Sauna and lake swimming go well together, but in winter it gets a whole new meaning with ice-cold dippings. Finns are more than used to the freezing temperatures of the waters, and find it funny to see tourists struggling when they do it for the first time. I, a Portuguese fellow familiarized with warmer temperatures, find the idea… refreshing. With two million saunas to choose from in Finland, it's impossible to go through winter and not do the experience.
6. It's warm inside and outside: the fireplace and bonfire season.
After all the ice-cold swimming, time to snug in front of a fireplace at home, or at a small cottage surrounded by the forest. Sounds idyllic and wonderful, and you can even pair the experience with an exterior bonfire, to roast sausages or some fish. Winter is pike-perch, perch, vendace, and burbot season, so enjoy some family time around the fire, with delicious foods.
7. Take a meditation time by the water.
If swimming in a frozen lake doesn’t appeal to you, how about fishing in one? All you need to do is drill the icy surface of the lake, and take your fishing rod, warm clothing, and time. Yes, you’ll need some patience as ice fishing is a solitary quiet activity, well-suited for deep thought and meditation, for several hours. In the end, you can take home some perch, the national fish of Finland, and pike, two common types of fish in the lakes.
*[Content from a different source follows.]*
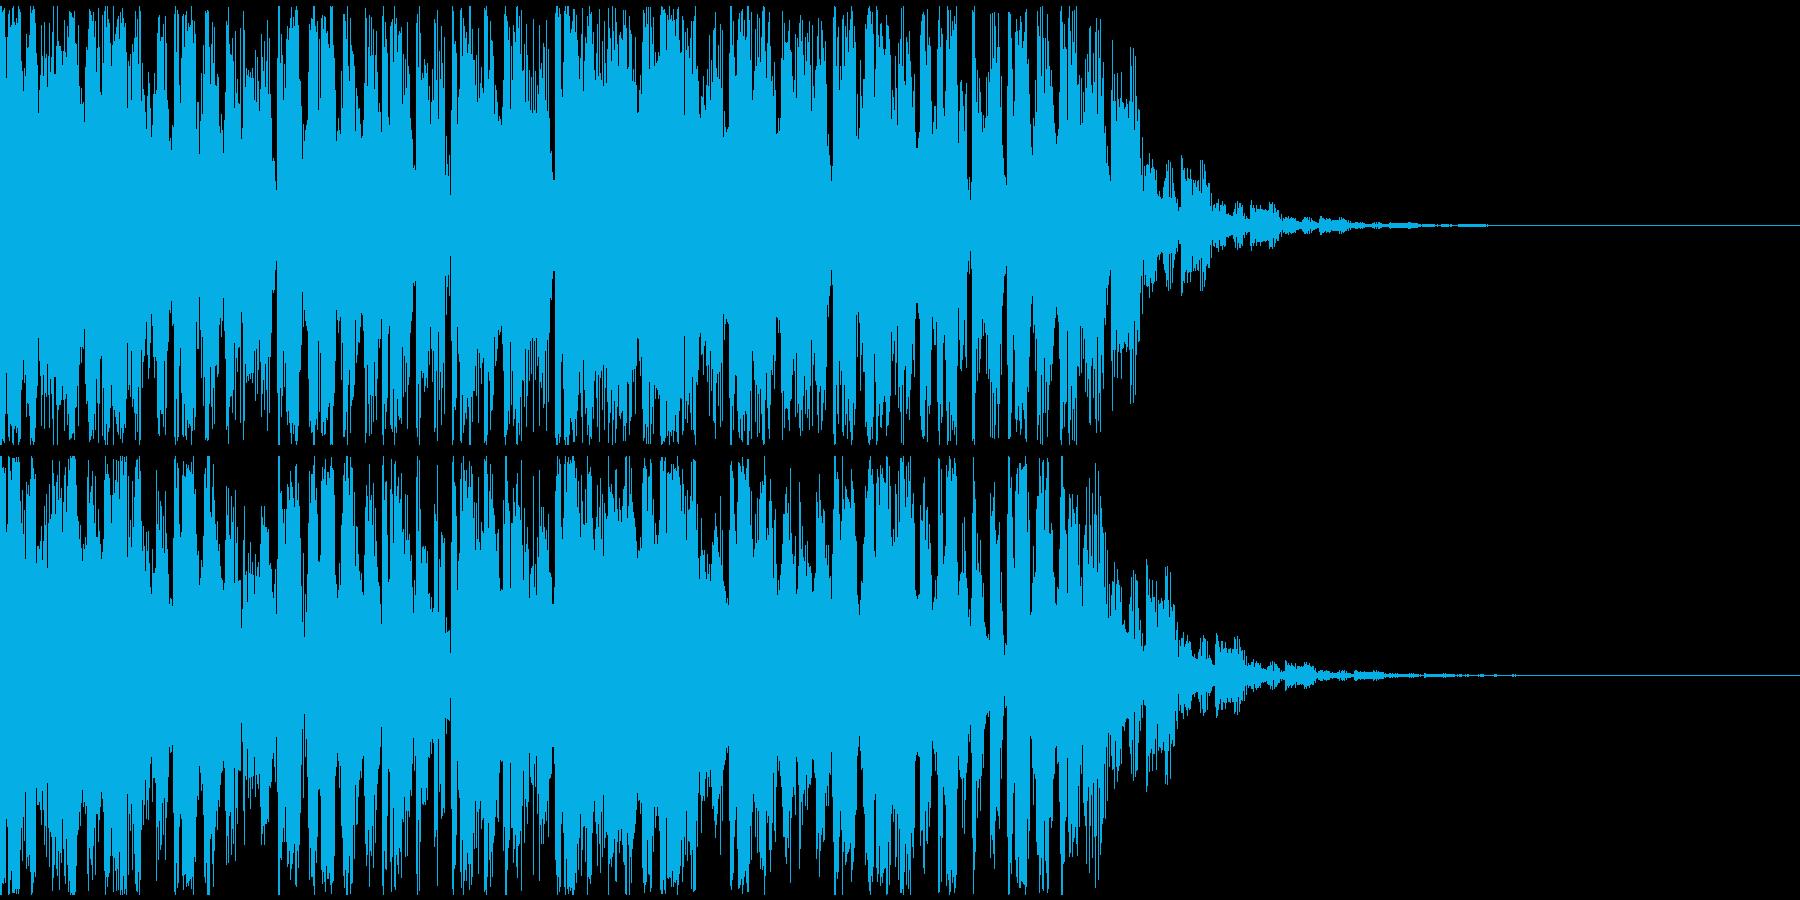 【EDM】トランス、ロング7、ショート3の再生済みの波形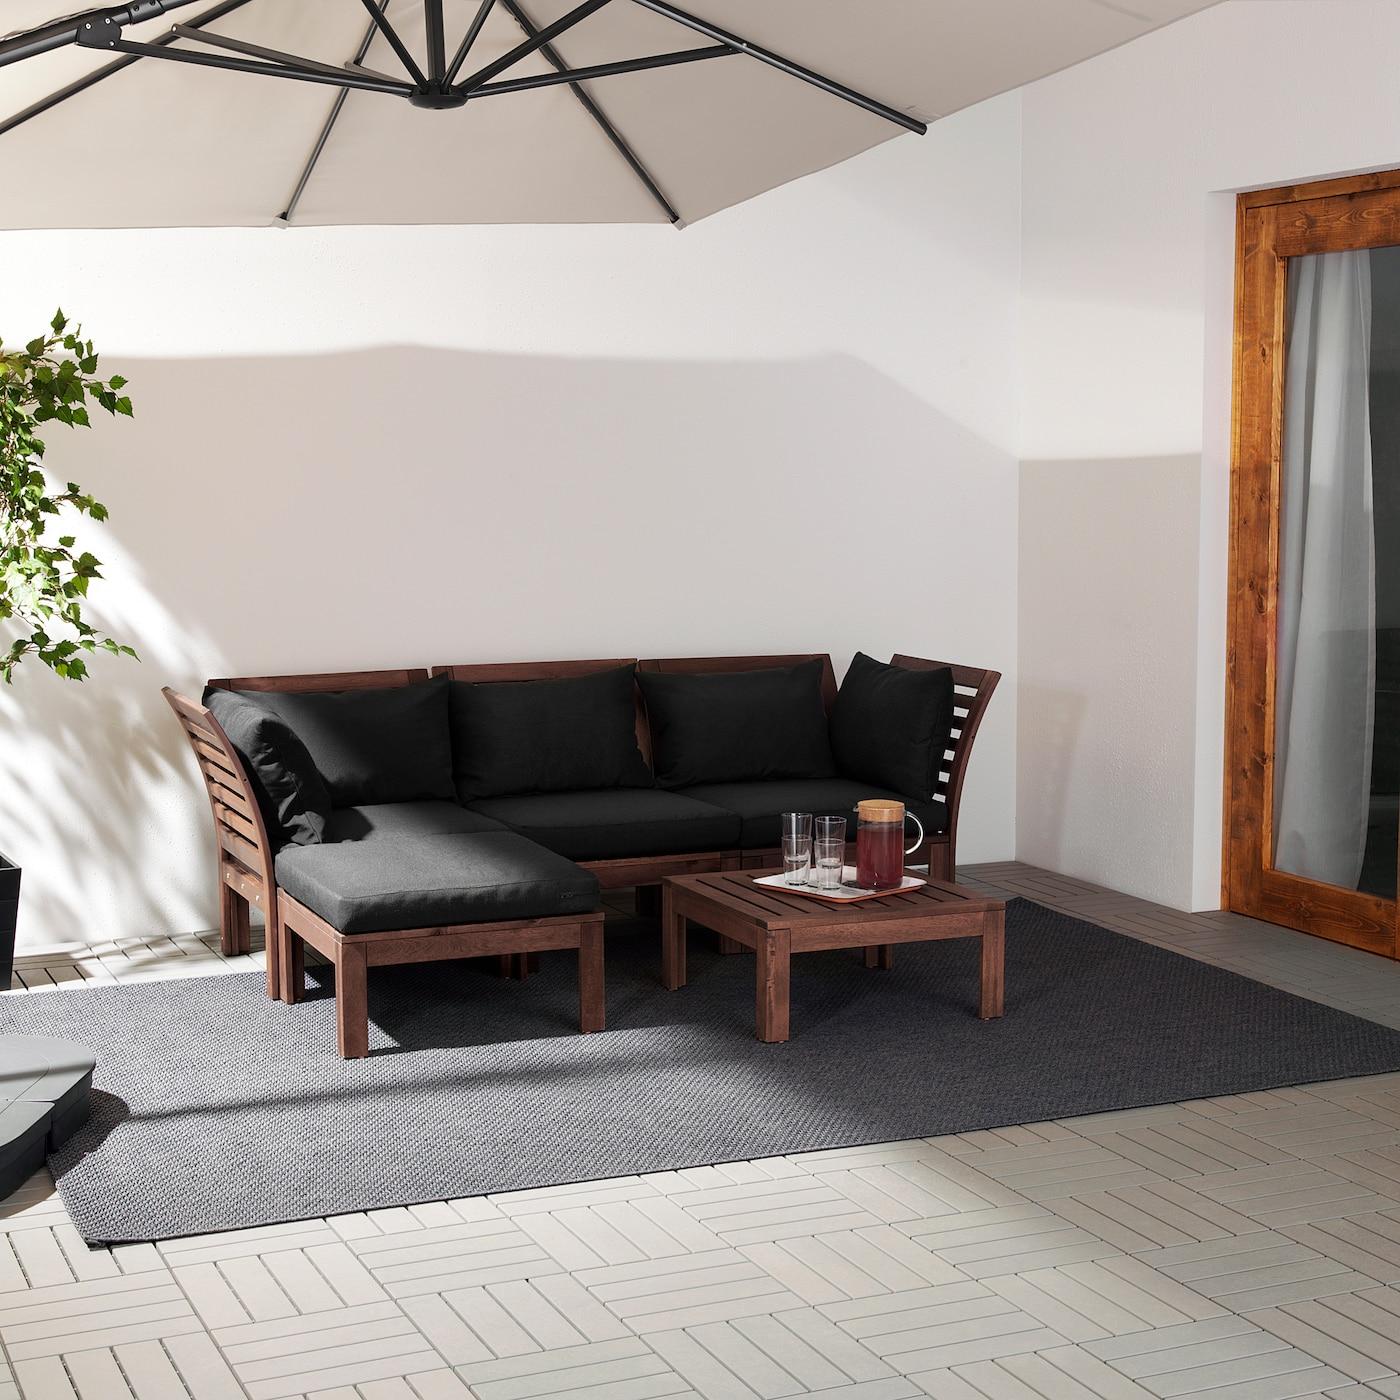 ÄPPLARÖ 3-seda modularna zofa, zunanja, s podnožnikom rjavo luženo/Hållö črna, 143/223x80x78 cm

8. Get immersed in culture by visiting museums and churches.
Looking for an indoorsy day all-around culture? If in Helsinki, don't miss the National Museum of Finland, with artifacts from the pre-history to the modern period of Finland’s history and cultural heritage. If art and design are more appealing, go to the Finnish Museum of Photography, the Museum of Contemporary Art Museum Kiasma, or the Design Museum. You can also find spots for meditation and solitude at architectural wonders, like the Temppeliaukio Church and the Kamppi Chapel, or classical buildings as the Suomenlinna Church, and the Helsinki Cathedral.
9. Time to get cozy and taste the best coffee and tea in the country.
We all know Finns don't need to wait to get cold to start drinking hot beverages. As the biggest consumer of coffee in the world, a cup of brewed deliciousness is sacred every day, every time. So, why not explore the coffee and tea shops around Helsinki, to taste some incredible, single-origin, organic, you choose. Helsingin Kahvipaahtimo is one of those spots to find ethically sourced coffee. Or if your preference is a good tea, don't miss Old Tea Shop and Demmers Teehaus Helsinki, to find the best organic and tasty teas from around the world.
10. Explore your kitchen in a cooking extravaganza.
Winter is not an easy time, especially to find local produce. But check now what is in season: Root vegetables like jerusalem artichoke, turnip, carrots, rutabaga, and celeriac. Citrus fruits. Barley and buckwheat. Dried fruits, nuts, sesame, and sunflower seeds. And there is a whole world to explore with these foods. As a season perfect for hearty meals, make your own casserole, hot pots, soups, meat stews, and even blinis. Our suggestion of a recipe to try to make at home is the Merimiespata – or Sailor's Stew.
Here's the list of ingredients: lean beef (boneless), cut into cubes, onions, potatoes (or turnips), carrots, mushrooms, beer, beef broth, soy sauce, salt, sugar, pepper, bay leaves, and thyme. Brown the beef cubes in a skillet with oil. Pour the vegetables, meat, and seasoning into a baking pan, add the liquids and cook in the oven for 2 hours. Serve with pickled beets and rye bread for extra deliciousness.